Do you need to know more about the underpinning technology of LFM2-VL? Investigate in pixel shuffling, and multimodal projection.

Training the Models

The preparation of the training was well planned The backbone model was trained first. Later they merged vision and language and incrementally varying amounts of text and image information. It was predominantly text based at the beginning but by the end it was more of a combination, which gives the models a good blend of both. Lastly they optimised the models to image understanding. Overall, they processed approximately 100 billion multimodal tokens, both through open-source data as well as their own synthetic vision data.

How Well Do They Perform?

The models have good benchmarks:

  • Real world QA results using the 1.6 billion model showed 65.23, quite comparable to intern VL3.
  • On info VQA it achieved 58.68.
  • On OCR bench it scored 742.

The smaller version performed much better with 52.29 score on real-QA and 655 OCR bench. They are also high-speed. These models are more than twice as fast as others in a test when using a 1024 x1024 image on a short prompt.

It comes down to performance, to real uses. When you are developing a smart camera or a robot, you need every second. Shaving off processing time to one or two seconds saves a great deal of time, e.g., a change in three or four seconds to one or two seconds.

Easy to Use

Liquid AI has ensured that LFM2-VL can be used together with hugging face transformers. They provide example code in llama.cpp, CPP and they support quantization. Quantization will allow you to execute the models with less memory using smaller data types. You can run small AI models on the mobile with their Leap platform which, moreover, was launched in July. It is compatible with iOS, Android and others. Additionally, they even have an app called Apollo where programmers can test all of it with offline testing.

Moving AI Off the Cloud

Liquid AI aims at cutting down our reliance on cloud. They want your device to perform AI operations at the local, rather than transmitting data to large servers. This is preferable to:

  • Privacy
  • Cost
  • Speed

Licensing

The models are available on an open license LFM1.0. It is built upon Apache 2.0, however, it has conditions. Research and commercial projects utilizing the models can be undertaken by small companies that have less than 10 million revenue. Bigger organizations should get in touch with Liquid AI to get a commercial license.
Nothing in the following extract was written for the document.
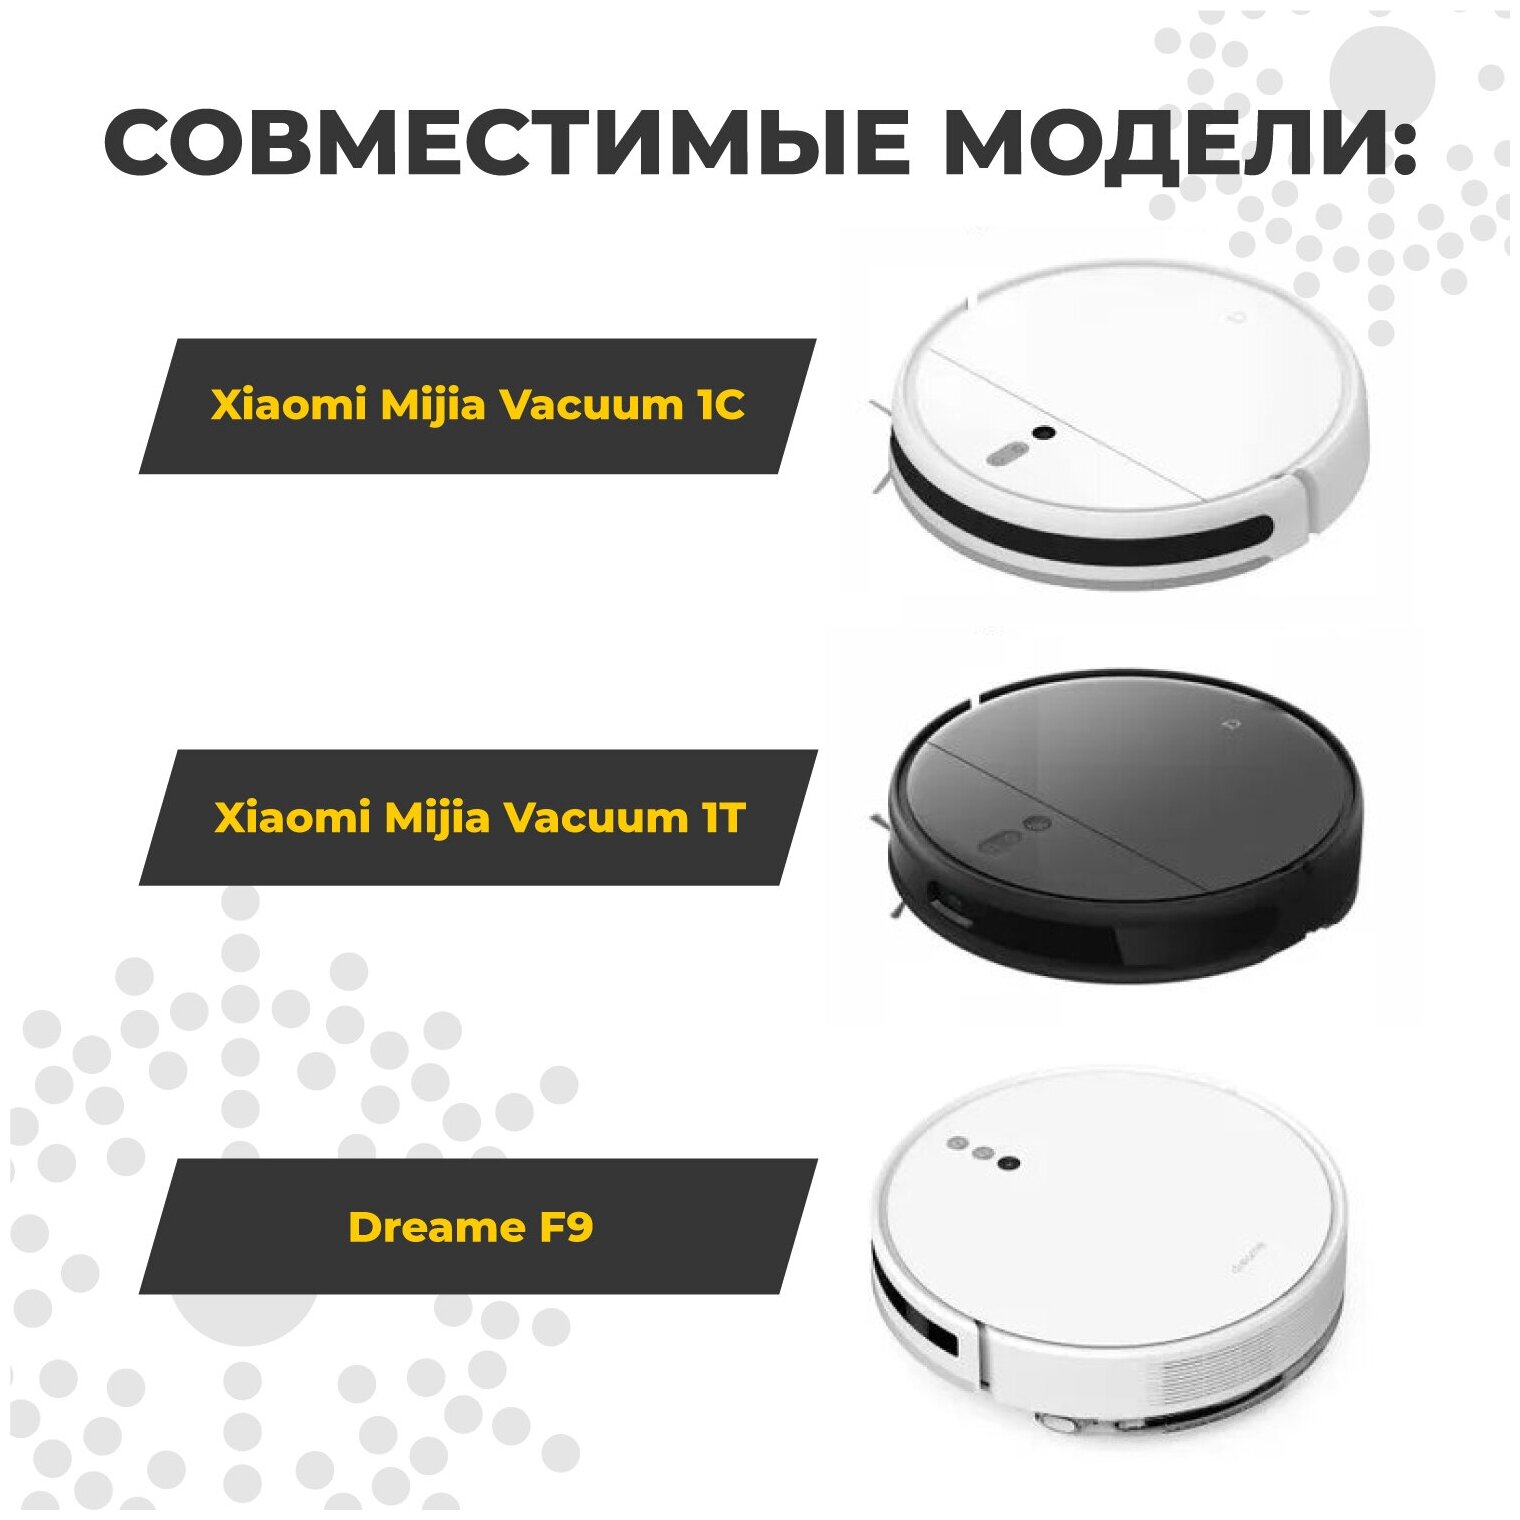 Набор аксессуаров для робот-пылесоса Xiaomi Mijia 1C, 1T, Dreame F9, комплект 8 предметов - фотография № 2

How Can These Models Be Used?

Liquid AI suggests uses like:

  • Real-time image captioning
  • Multimodal chatbots
  • Visual search
  • Robotics
  • IoT systems
  • Smart cameras

The aim is to shift AI out of giant cloud environments. Liquid AI is demonstrating that one can achieve high accuracy and real time performance on devices we already own. This is where AI will be: personal, quick and cheap to operate.